It seemed like the way to go. People might question the methods Sam Childers used, but nobody doubted his determination. He was born in America in 1961 and experienced years of youthful drug addiction while he wasted time with outlaw behavior. After a religious epiphany, he learned about the destructive work of a quasimilitary criminal gang with the dubious name of the Lord’s Resistance Army. Childers was outraged by the group’s sadistic policy of kidnapping children and drafting them into combat units, sometimes forcing these young people to shoot their own families before the LRA took them away.

I couldn’t help but resonate with the revulsion Childers expressed for the LRA tactics against children. Somehow, this man managed to carve out a place in the wilderness under the constant threat of torture and death by his LRA opponents. My admiration for his courage was probably the thing most responsible for bringing me to that place.

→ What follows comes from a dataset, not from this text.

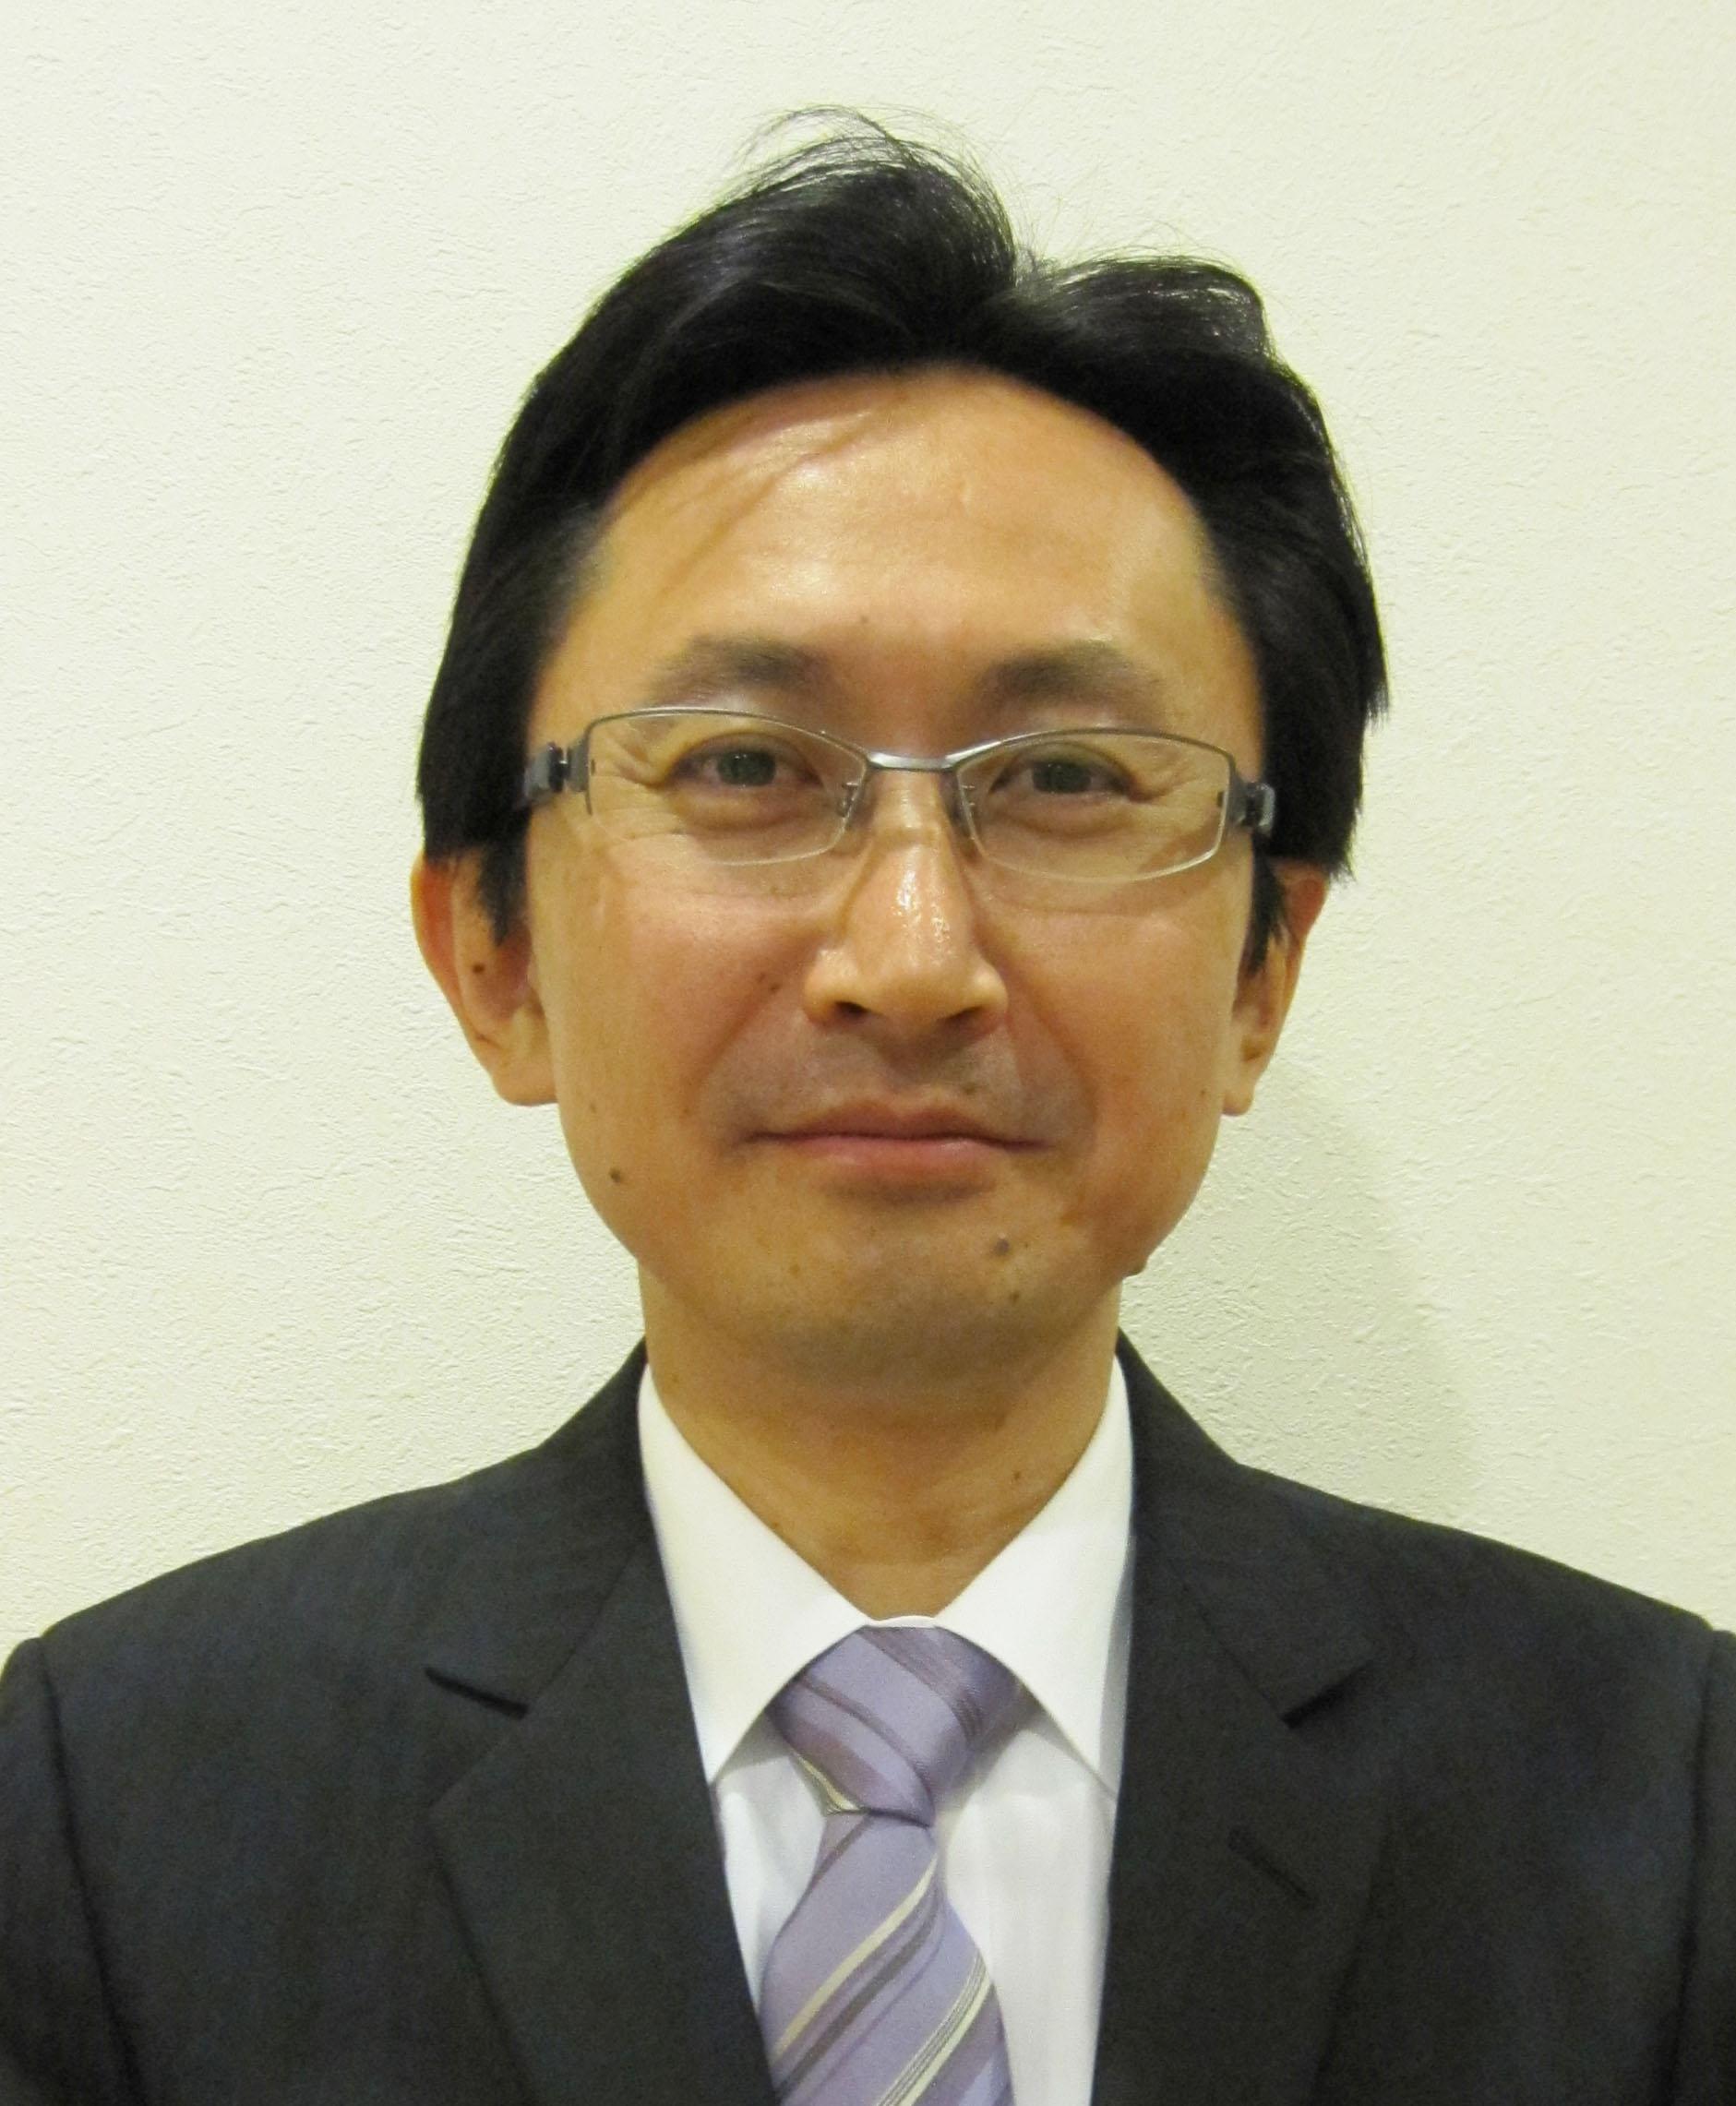 Hiroshi Kuroki
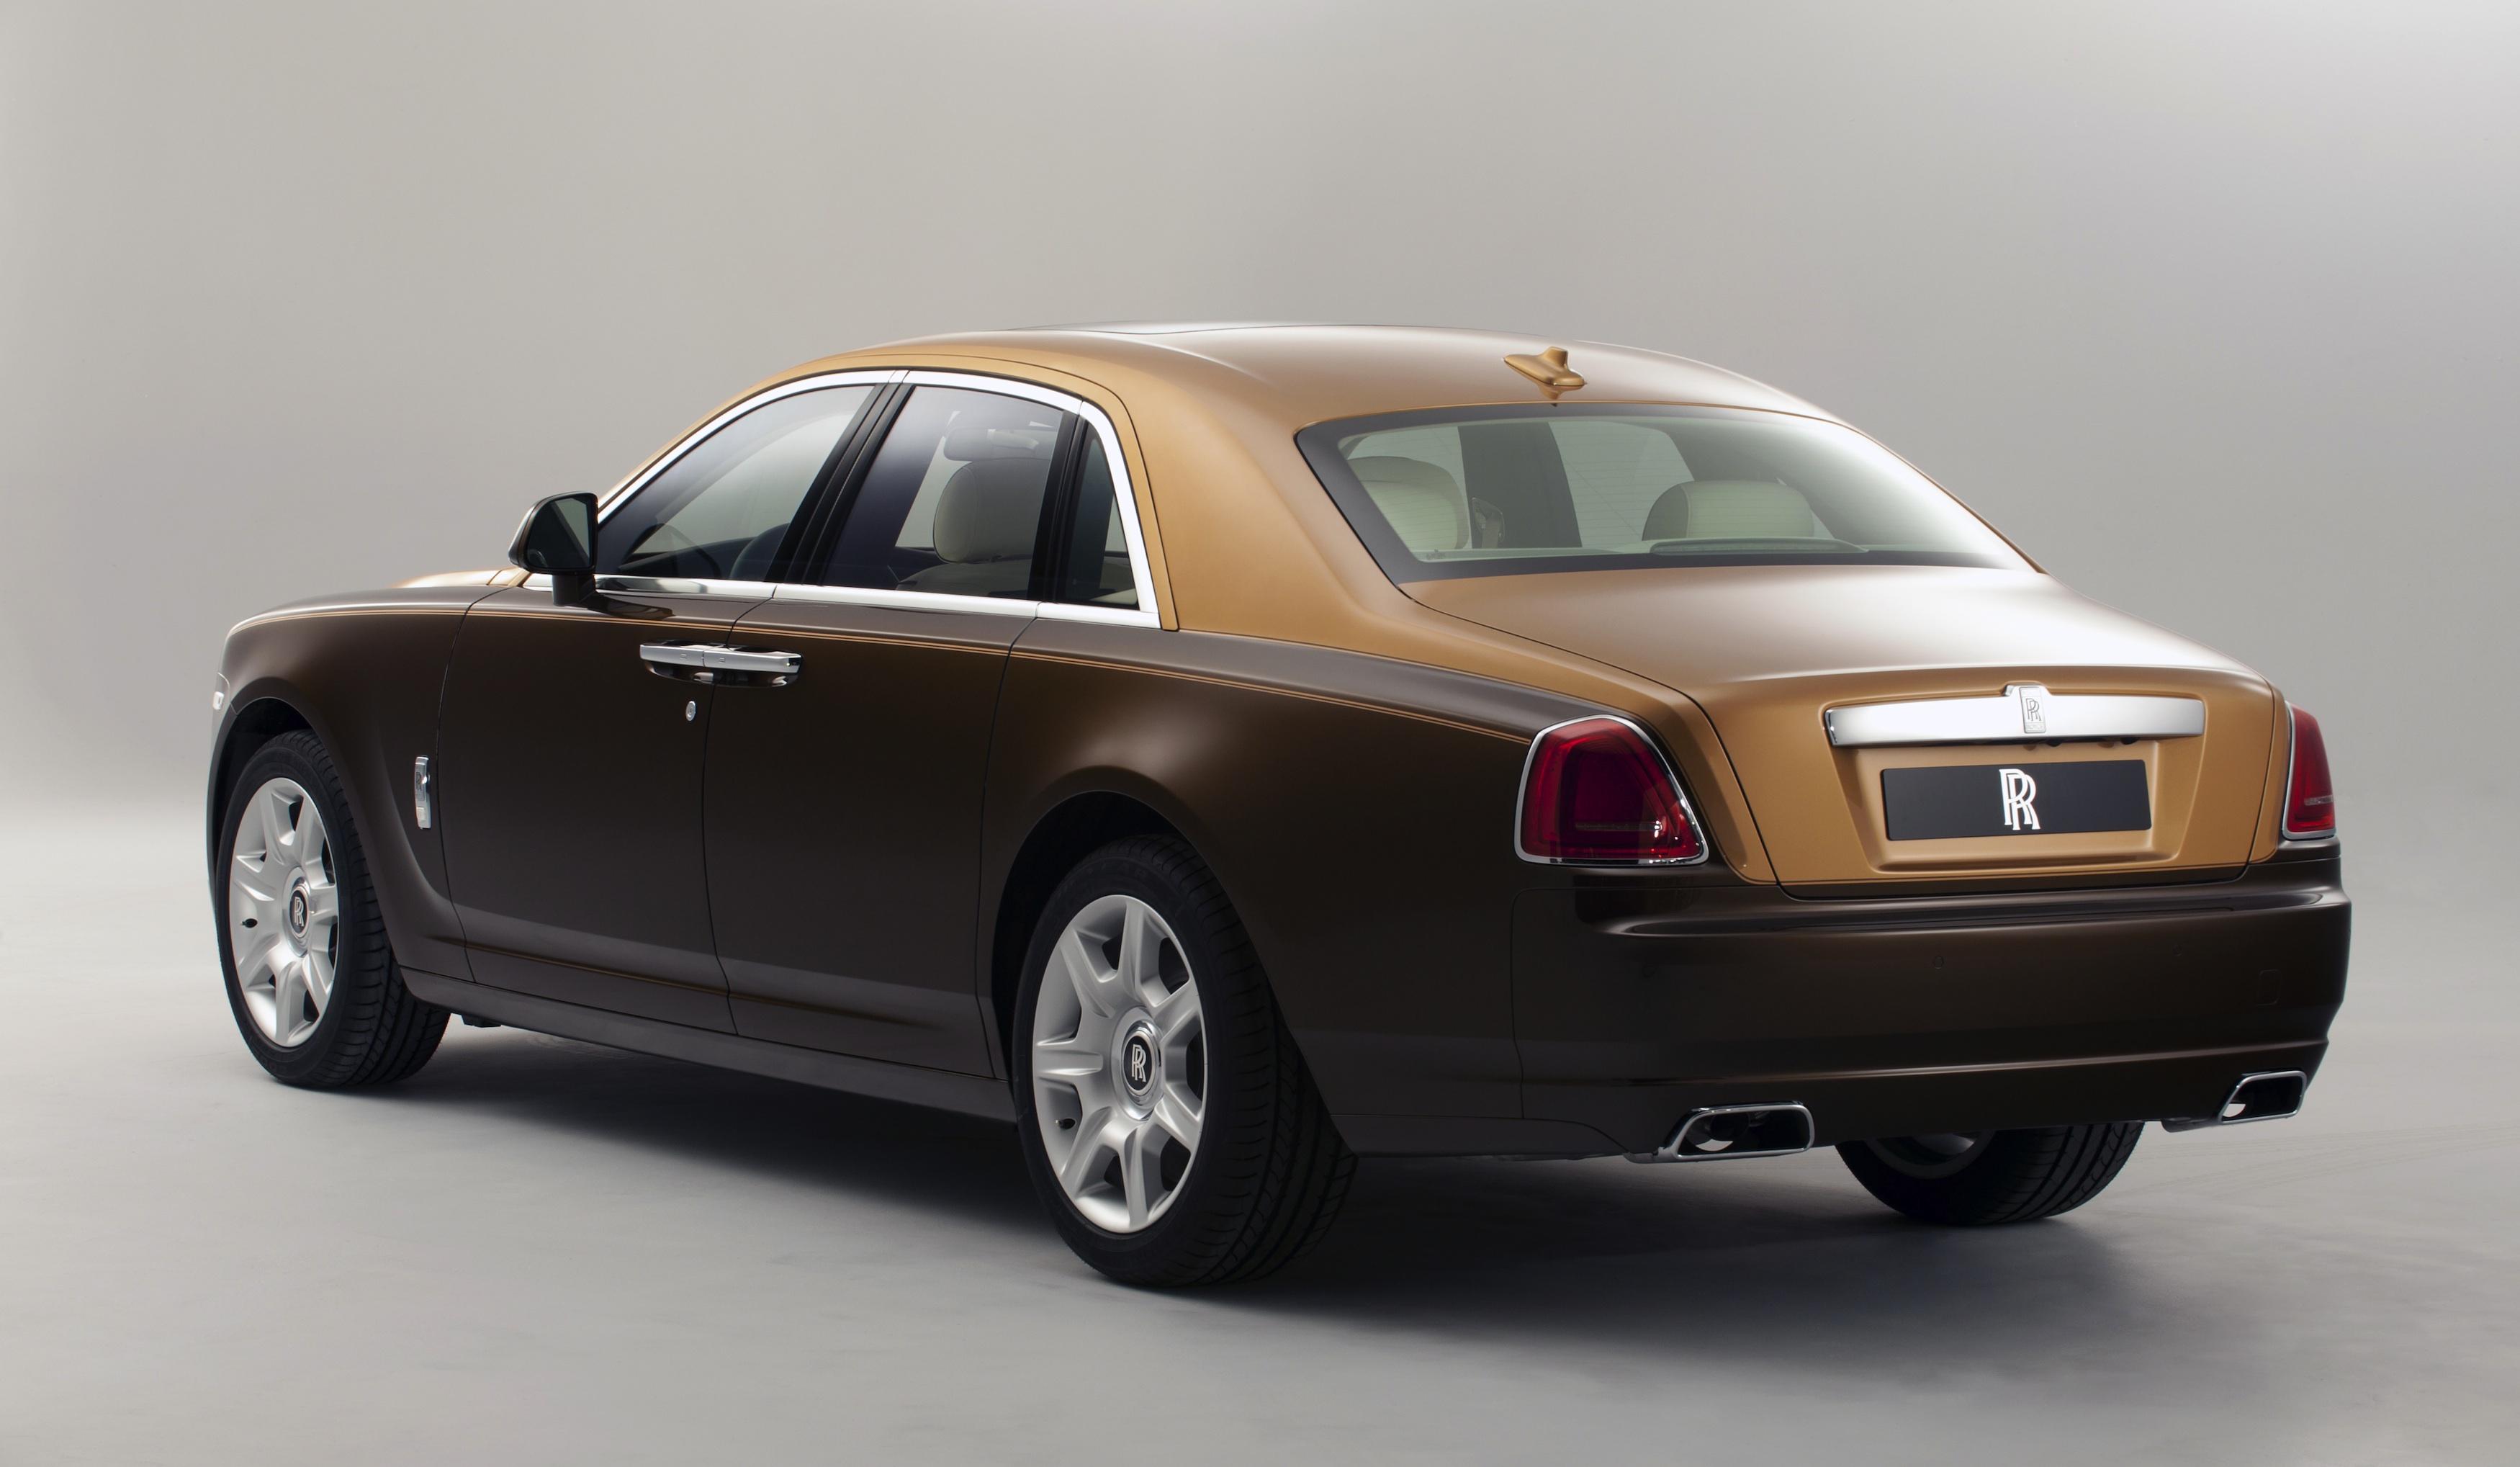 Rolls-Royce recall for Ghost and million-dollar Phantom ...

I was running on momentum and brushed aside my initial observations of the squalor of the “Children’s Village,” but it was startling. I knew funding had to be a constant problem, yet the grounds had a look of sloppy indifference completely out of step with the mission of the orphanage. A smattering of small, rough-hewn huts or cabins were scattered around, but there was no sign of a medical center or of schooling of any kind. There appeared to be no resources for teaching and few for amusement. The orphanage’s land grant of two hundred acres was large enough that no security walls were required, and the lightly forested terrain kept visibility local, giving a pleasant pastoral quality to the environment, if you ignored the people living in it. The orphanage residents sat or
played in the dry air amid the dust that seemed to cover every-thing.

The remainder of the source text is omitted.